• Entries shown
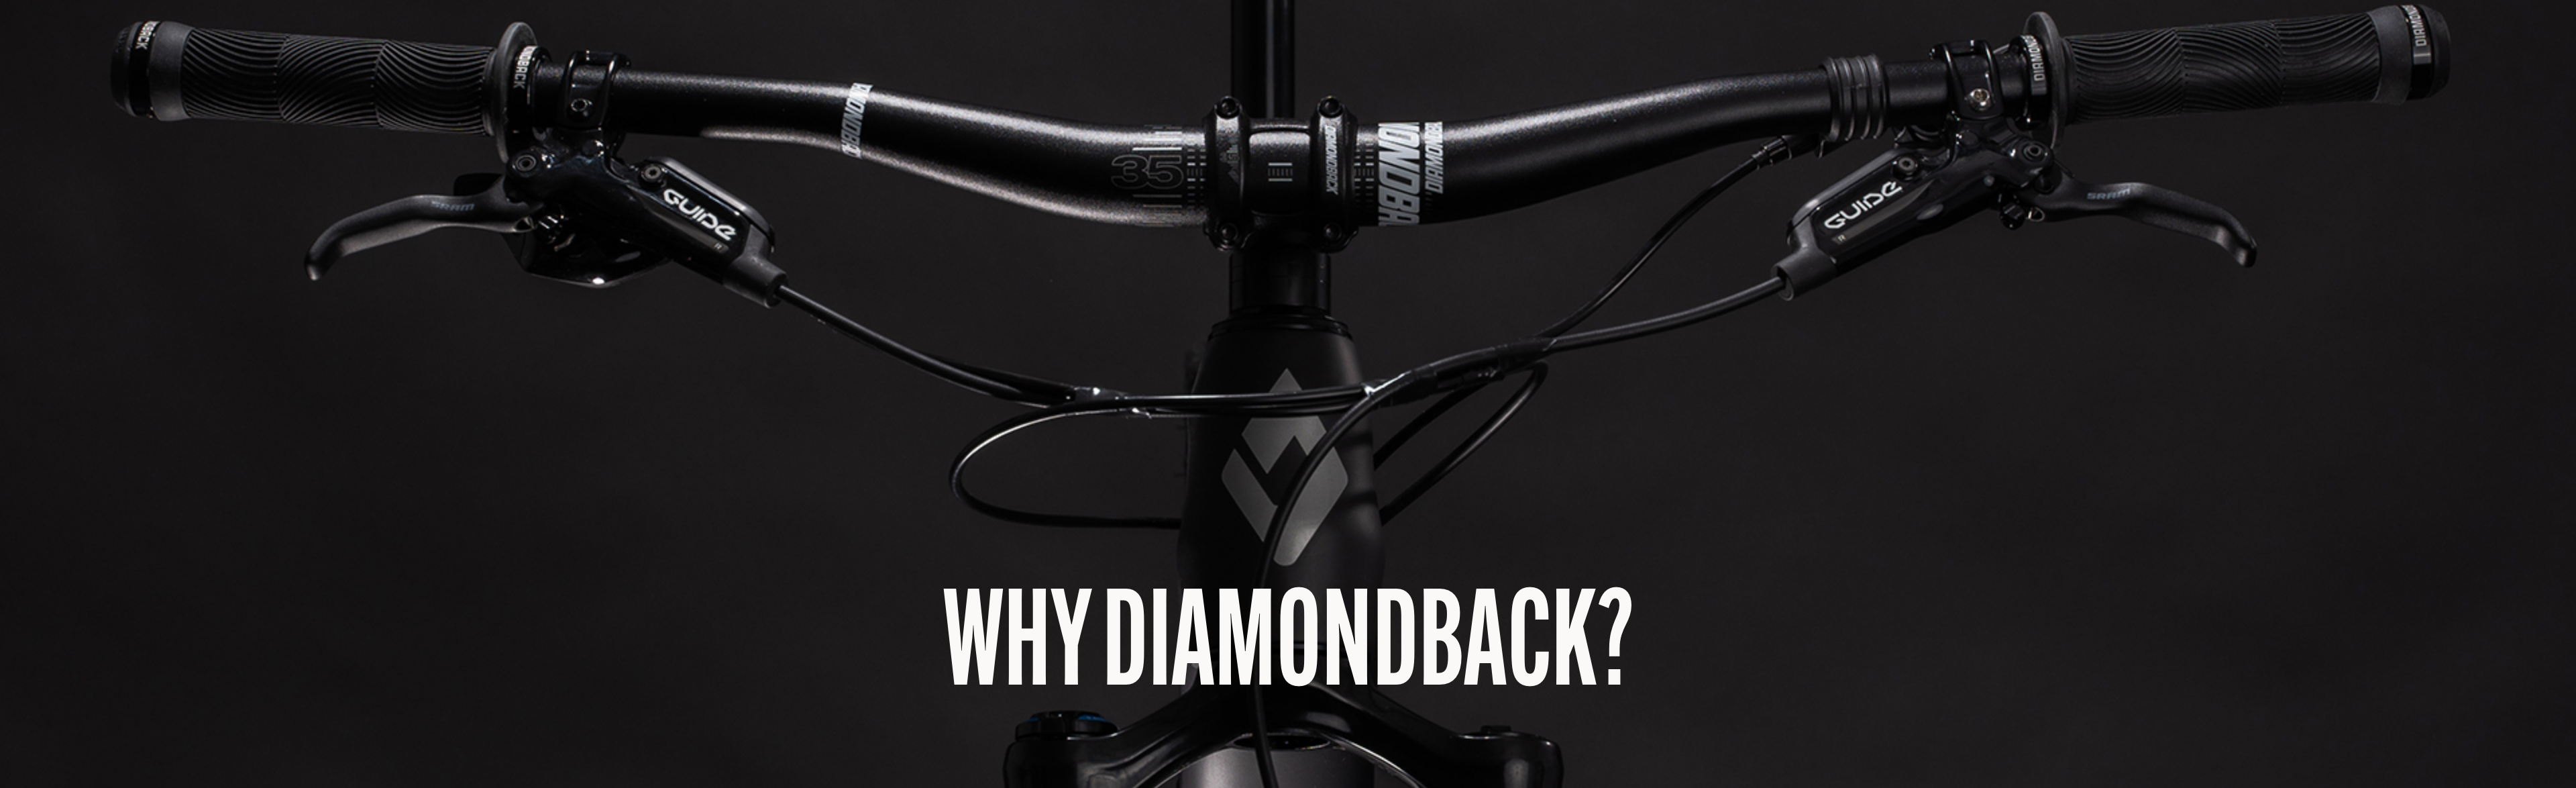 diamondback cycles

...

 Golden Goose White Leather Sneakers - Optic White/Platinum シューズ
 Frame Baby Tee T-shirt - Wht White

• What to produce
Would you filter the records and copy out each line containing "White"?

• Exercise output
 Golden Goose White Leather Sneakers - Optic White/Platinum シューズ
 Frame Baby Tee T-shirt - Wht White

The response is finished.